Note from the amateur: I have found that many people still don't understand the specific function of these parameters. Copying the parameters from the document often leads to a large deviation from the imagined effect. Here I still suggest understanding the parameters, running more comparison charts and experimenting, and then adjusting the parameters based on understanding.
After the above examples, I believe you have some understanding of the role of MBW. Next, I will give you some preliminary conclusions that we have studied, and in the advanced section, we will also explain Base_alpha, supermerger, and the reasons behind these phenomena using theoretical analysis.
Conclusion from the amateur:
Explanation of what is called a secondary form of expression, in fact, it is because under the same seed, after the composition has changed, the content of the picture will change, so the color will also change, but the way of coloring (OUT layer) is still the same way of coloring. Similarly, after the color changes, in some places it will also affect the AI's judgment, making it appear to have changed the composition, but the composition method (IN layer) is still the original one.

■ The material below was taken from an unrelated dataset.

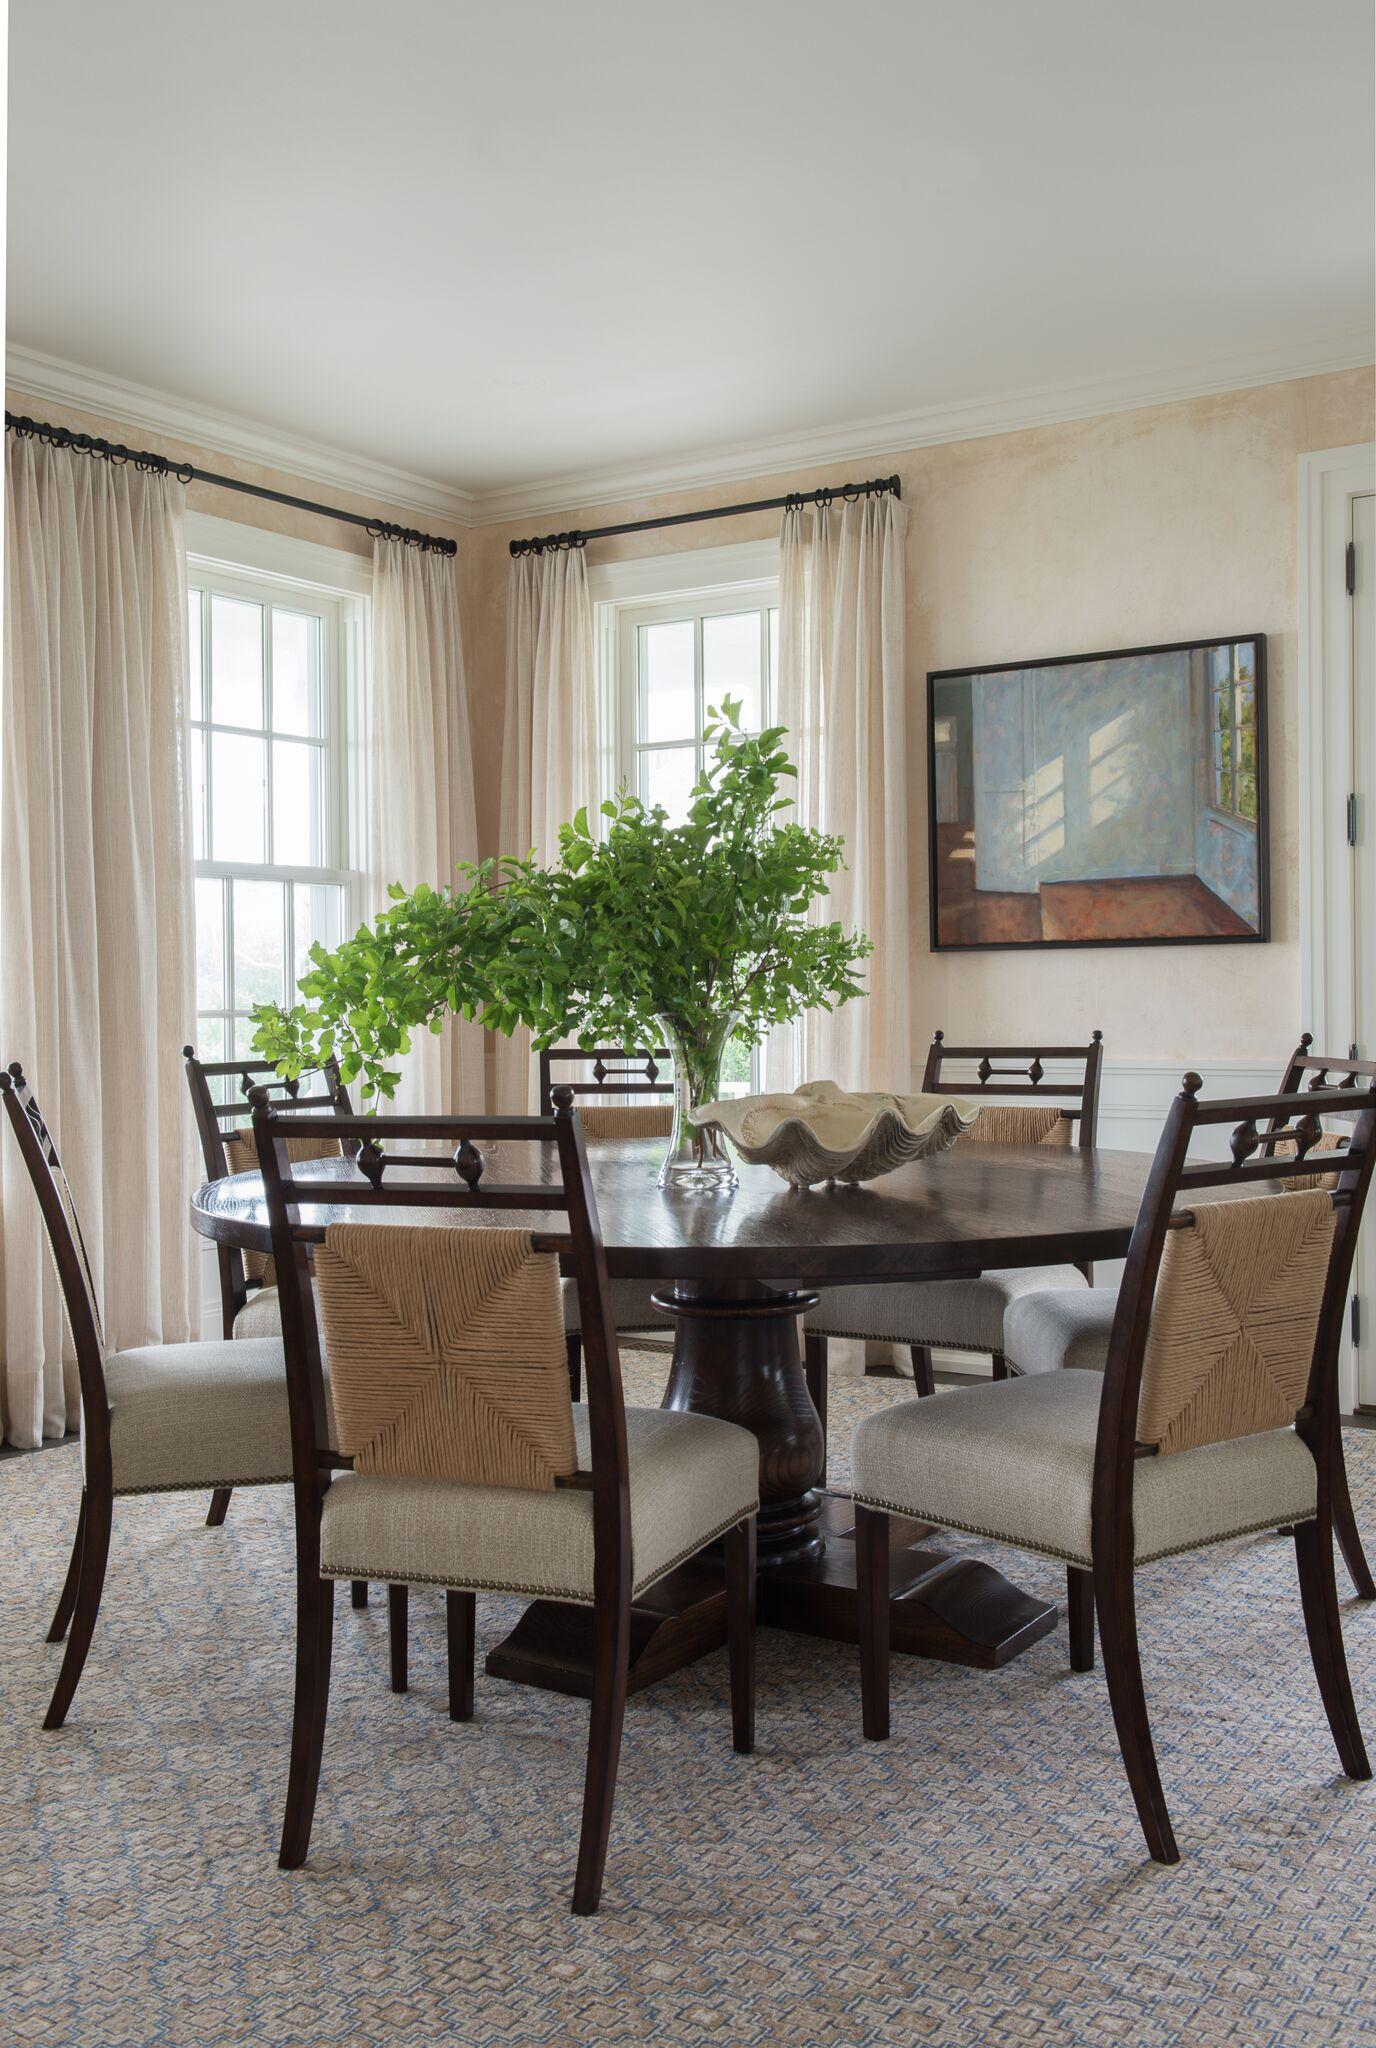 5. LOWER THE ARTWORK •  Interiors: Nantucket House Antiques and Interior Design Studios, Inc.

Yin Bai Liang's conclusion:
Note: If you are not interested, just skip to the advanced operation later.
Watch the video "3 blue 1 brown" (its been put on display) to find out.
The model is composed of a semantic analysis module, a U-net drawing module, and a VAE fine-tuning module.

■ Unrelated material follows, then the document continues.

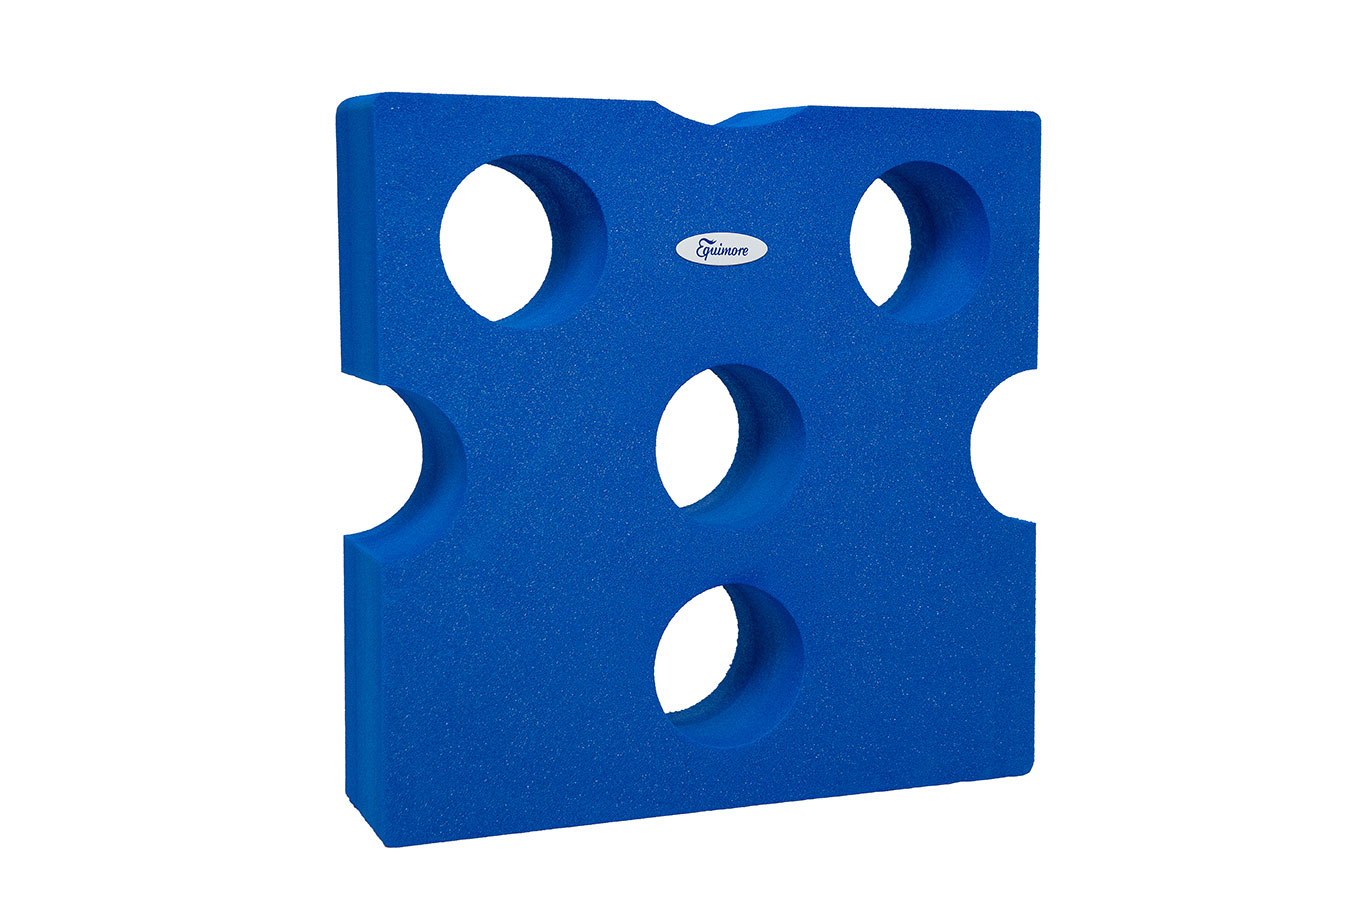 Equimore Cavaletti XL blau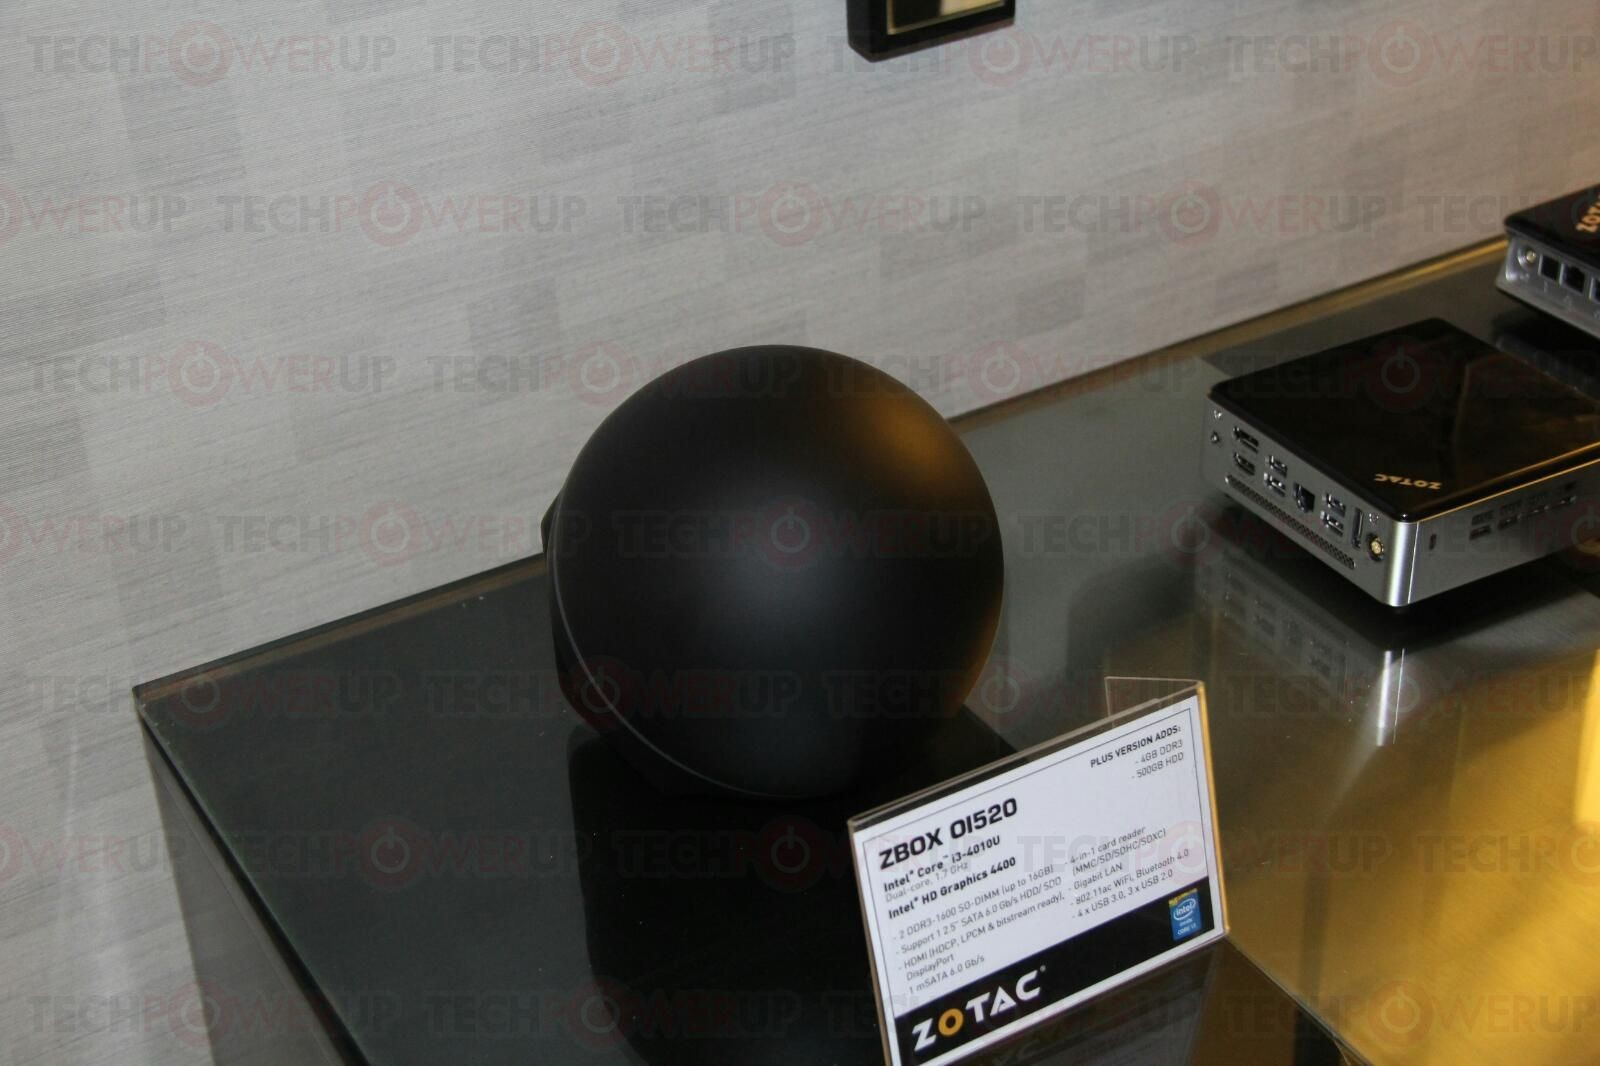 Mini PC ZBOX 01520

Since this tutorial only needs to understand the U-net module, the other modules will not be discussed (the author doesn't know either).
U-net is a type of neural network, in MBW, U-net has 25 adjustable layers, which we divide into:
IN area corresponding to the IN slider
M area corresponding to the M00 slider
OUT area corresponding to the OUT slider
The IN area has 12 layers, the M area has 1 layer, and the OUT area has 12 layers.
The rough arrangement is
IN00, IN01, IN02.......IN11, M00, OUT00, OUT01, OUT02........OUT11
Remembering the model structure will allow you to understand the reasons for differences between different layers in subsequent advanced operations.
Finally, a diagram of the U-net structure is attached.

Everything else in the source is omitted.